Comiso città della pace, ddl approvato all'Ars
Comiso è stata riconosciuta dall'Assemblea Regionale Siciliana come città simbolo del movimento pacifista internazionale, valorizzando il suo ruolo storico negli anni Ottanta come capitale mondiale del nuovo pacifismo.

Comiso – Il Partito Democratico di Comiso – Pedalino accoglie con grande soddisfazione l’approvazione, da parte dell’Assemblea Regionale Siciliana, del disegno di legge che riconosce e valorizza il ruolo di Comiso come città simbolo del movimento pacifista internazionale. Un provvedimento che affonda le sue radici nella storia degli anni Ottanta, quando – come ricorda la relazione del deputato proponente – «Comiso diventa una delle più importanti capitali mondiali del nuovo pacifismo» e quando «un movimento di massa senza precedenti» portò migliaia di persone a mobilitarsi contro gli euromissili.

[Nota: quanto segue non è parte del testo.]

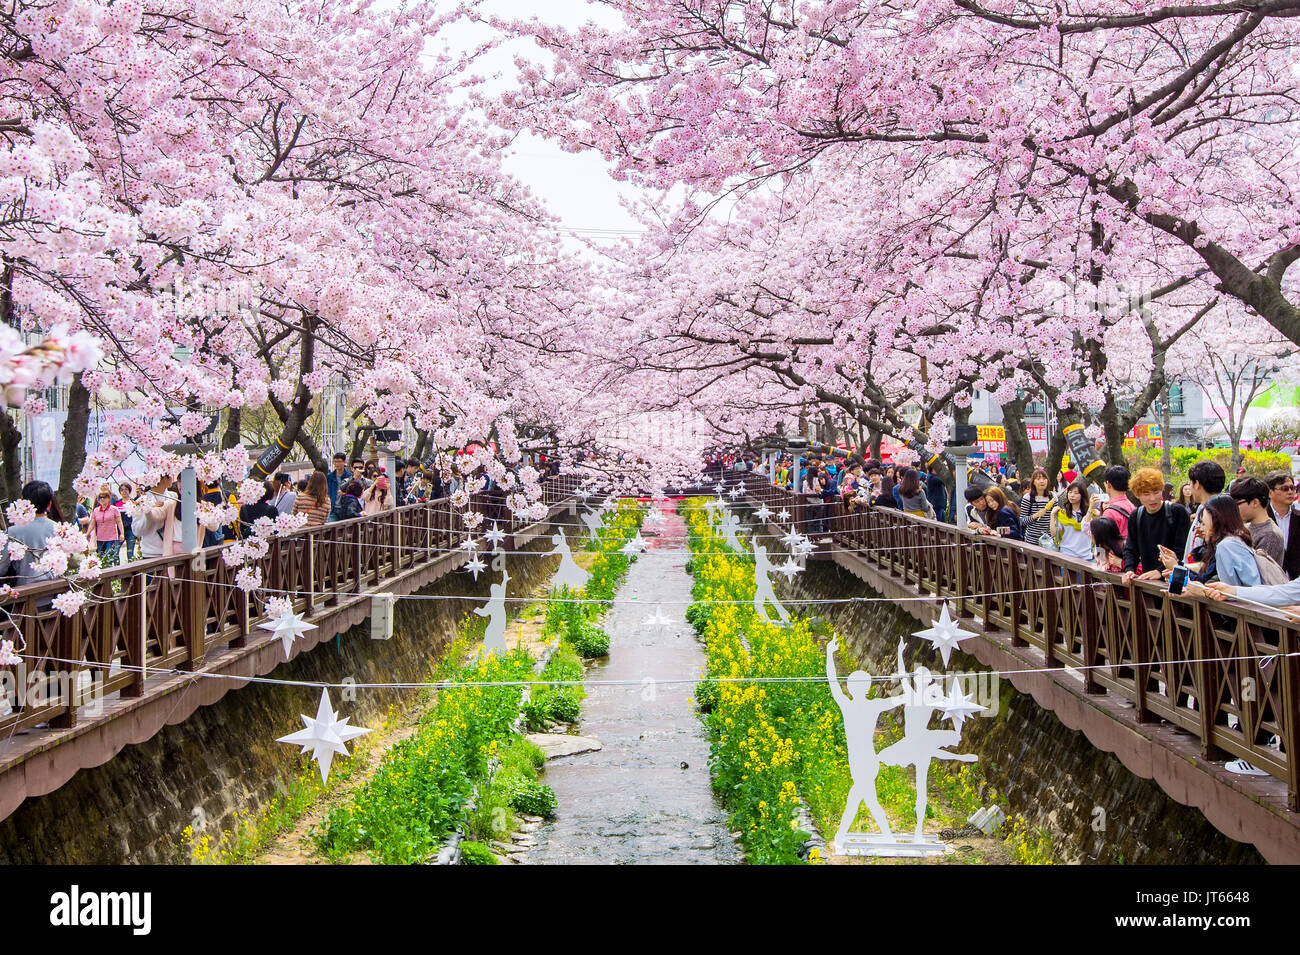 JINHAE, Corea - Abril 2 : Jinhae Gunhangje Festival es el mayor festival de la flor de la cereza en Corea.Los turistas tomando fotos del hermoso paisaje aro Foto de stock

Al centro di questo risultato c’è l’impegno dell’on. Nello Dipasquale, figura di riferimento del Partito Democratico in Sicilia e da sempre attento alla storia e all’identità dei territori. Il segretario cittadino del Pd, Gaetano Scollo, lo sottolinea con forza: «Questo riconoscimento non sarebbe arrivato senza il lavoro costante, determinato e competente dell’on. Dipasquale. È stato lui a credere fin dall’inizio che Comiso meritasse un ruolo istituzionale nella memoria del movimento pacifista internazionale. Ha portato avanti la proposta con convinzione, sensibilità e capacità politica».

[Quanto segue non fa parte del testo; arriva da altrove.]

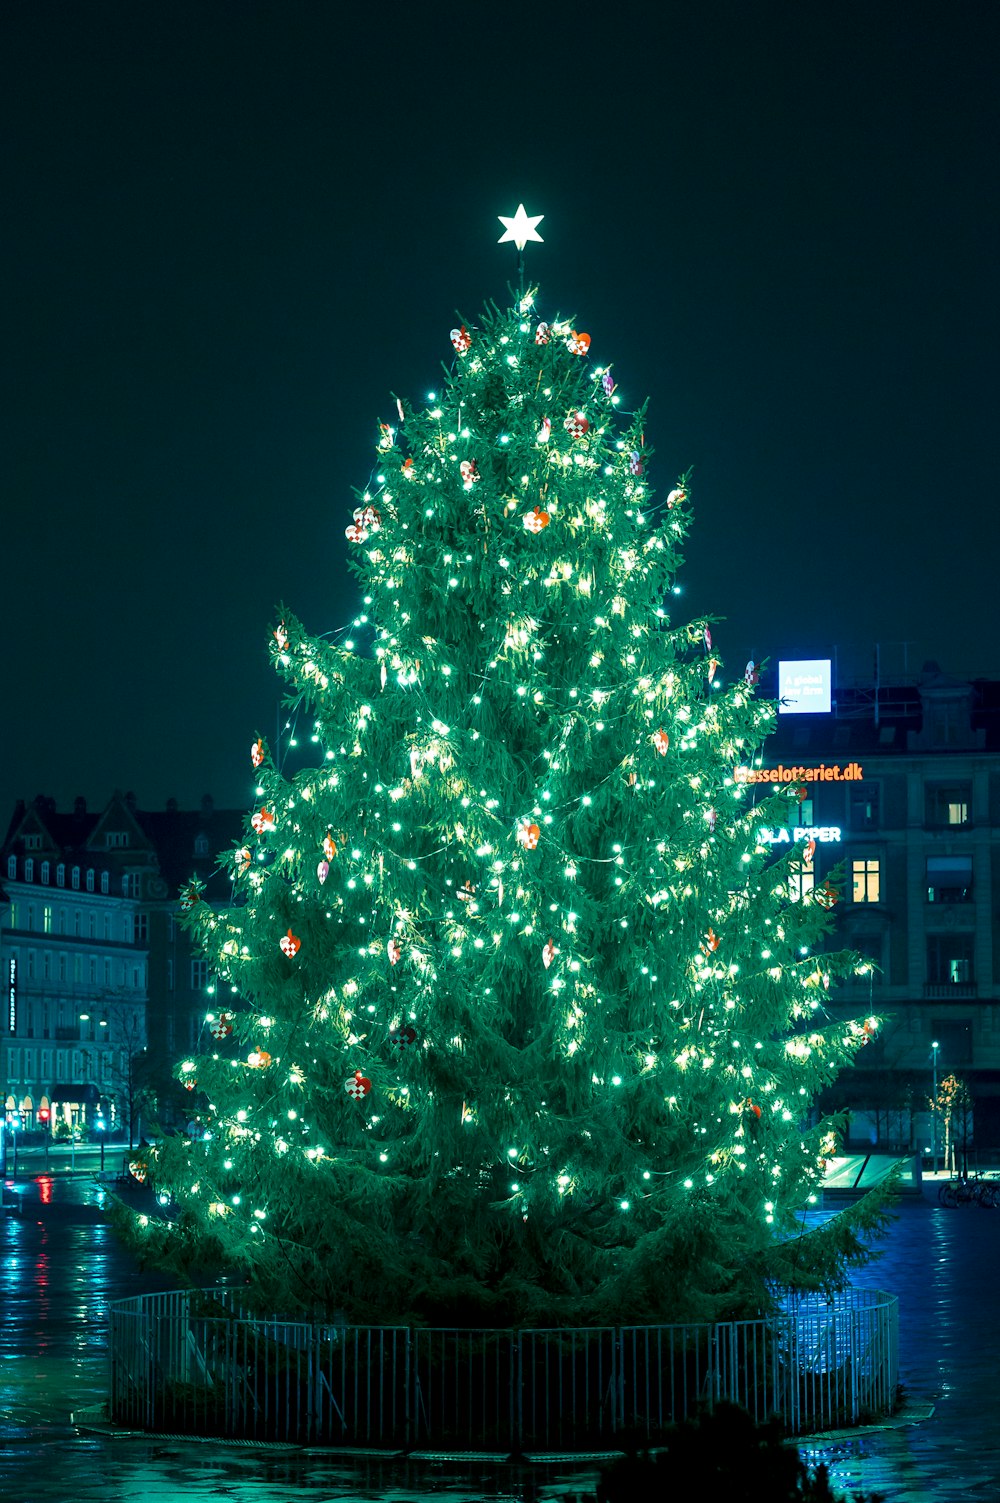 Arbre de Noël vert avec guirlandes lumineuses pendant la nuit

Scollo aggiunge: «Dipasquale ha dimostrato cosa significa rappresentare davvero un territorio: conoscere la sua storia, valorizzarla, trasformarla in un’opportunità culturale e identitaria. Per Comiso è un giorno importante e il merito va riconosciuto a chi ha saputo ottenere questo risultato». Il Partito Democratico di Comiso – Pedalino rivolge inoltre un ringraziamento all’intero Consiglio comunale, che ha votato all’unanimità la mozione presentata dal Pd a sostegno dell’approvazione della legge: «Il voto unanime del Consiglio comunale è un segnale politico forte. La storia della pace appartiene a tutta la città e oggi Comiso si presenta unita nel rivendicare il proprio ruolo».
Per il Pd, questo riconoscimento non è solo un omaggio al passato, ma un investimento sul futuro: «Comiso torna ad avere un ruolo centrale nella cultura della pace. È una realtà che ci permette di guardare avanti con soddisfazione e con rinnovato senso di responsabilità».